Андрей никогда себя не чувствовал счастливее. Вместе со Шмелем они стали настоящими звездами курилки. Их все поздравляли, жали руки. И если Андрей просто ловил счастье и был им доволен, то Шмель становился дико важным и очень серьезным, снисходительно отзываясь о пьесе, при этом мечтательно описывая „настоящий театр“. Сигареты были докурены, и уже пора домой. Но тут неожиданно из школы вышел Гриша. Тот самый Гриша, к чьей экзекуции они так долго готовились. Он прошествовал мимо ребят, властно освобождая себе проход легкими толчками. Оказавшись возле Шмеля и Андрея, он мерзко усмехнулся и процедил:

— Тухляк, полтора часа насмарку. Вы хоть не позорьтесь, сними эти клоунские прикиды, а то выглядите как два идиота.

— А на хер ты бы не пошел, — ответил Шмель.

— Что! — опешил Гриша — Ты ошалел? Я тебя сейчас с говном смешаю.

— Может, отойдем? — предложил Шмель.

— Что? С тобой? Да на хрен ты мне нужен, клоун. Мы уже отходили, забыл?

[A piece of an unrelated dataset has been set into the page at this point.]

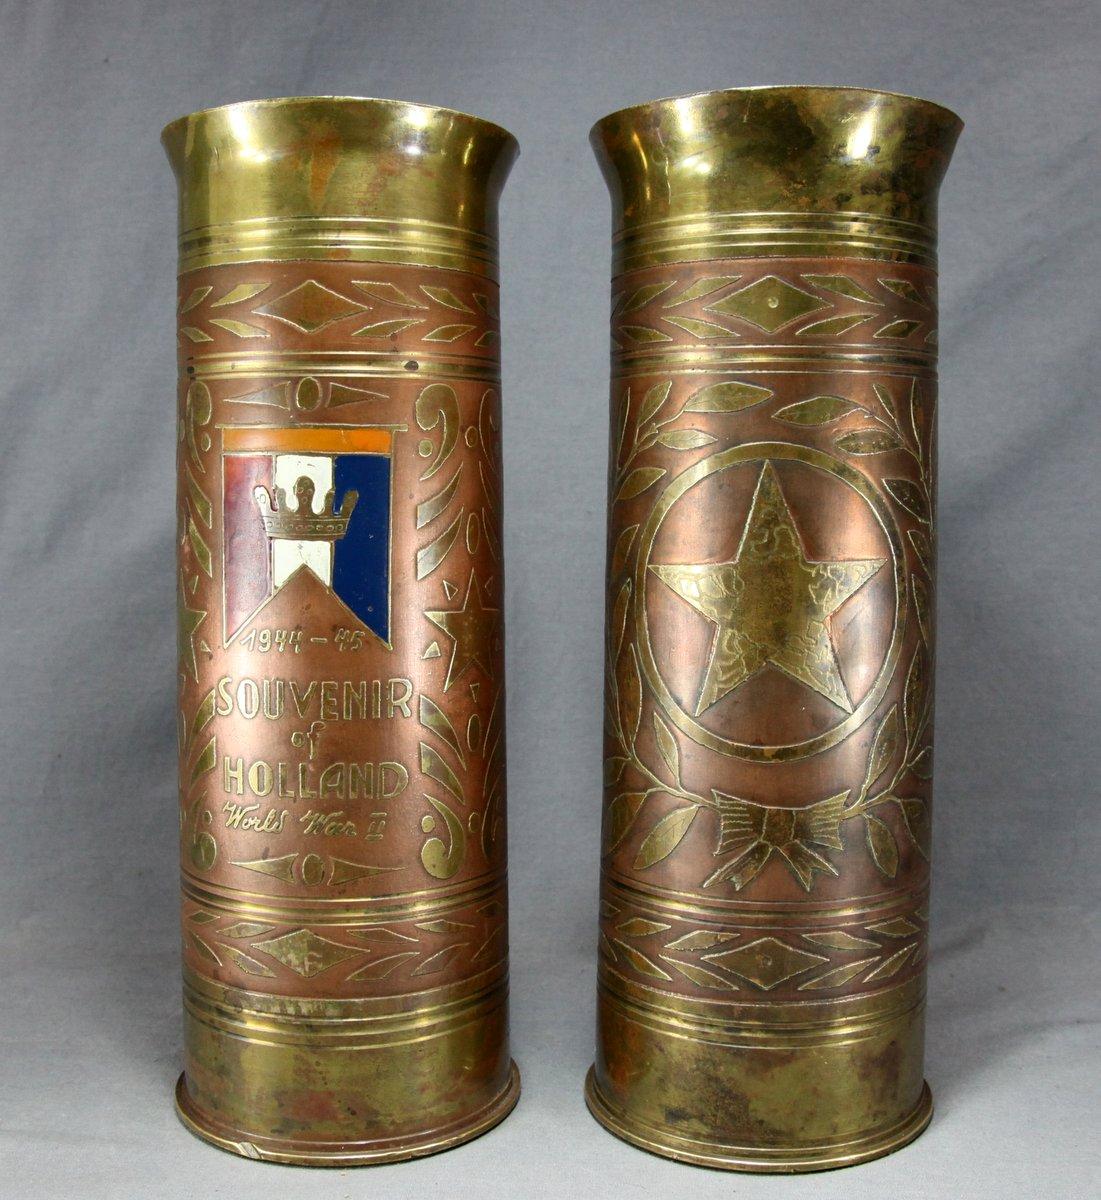 Trench Art Artillery Shells

— Ссышь? — Шмель явно не намеревался отпускать обидчика.

— Я ссу? Пошли.

Шмель резко повернулся к Андрею и тихо бросил:

— Сейчас.

— Сейчас? — зашептал Андрей. — Но мы же не собирались. А костюмы?

— Все равно, сейчас, — твердо сказал Шмель. — Ты мне должен, забыл? Клянусь богом, если ты меня сейчас кинешь, я тебя разорву.

— Ладно, — тихо согласился Андрей.

— Помни — один удар, а потом он только мой.

Шмель быстрым шагом пошел за Гришей, который, видимо, направился в сторону старого крыльца школы. Но у Шмеля были другие планы. Почти догнав Гришу, он разбежался и в прыжке ударил его ногой в спину. Это было не по правилам. Никто не вызывает соперника на бой, чтобы потом ударить в спину, никто не дерется у фасада школы, никто не нападает вдвоем. На этом стояла школа, в этом был ее негласный кодекс.

Андрей поспешил к дерущимся, но вдруг остановился. Среди белоснежных сугробов знакомо отсвечивала оранжевая куртка шедшего в направлении школы человека.

— Шмель, — крикнул Андрей, желая предупредить друга. Но тот уже ничего не слышал.

Словно берсерк он бросился на Гришу, который был ваше его на две головы. Сперва Шмелю удалось провести несколько довольно болезненных ударов, но Гриша очень скоро очнулся и, стряхнув с себя удивление от неожиданного нападения, начал довольно удачно отражать атаки. Скоро инициатива ушла от Шмеля, и вот он уже сам, с разбитым носом, уворачивался от огромных Гришиных кулаков. У него это получалось не очень удачно, и в какой-то момент, получив особенно сильный удар по скуле, он упал. Гриша остановился, повинуясь правилу — не добивать лежачих. Но это схватка шла по другим законам.

— Давай! — крикнул Шмель, обращаясь к Андрею, который был совсем близко.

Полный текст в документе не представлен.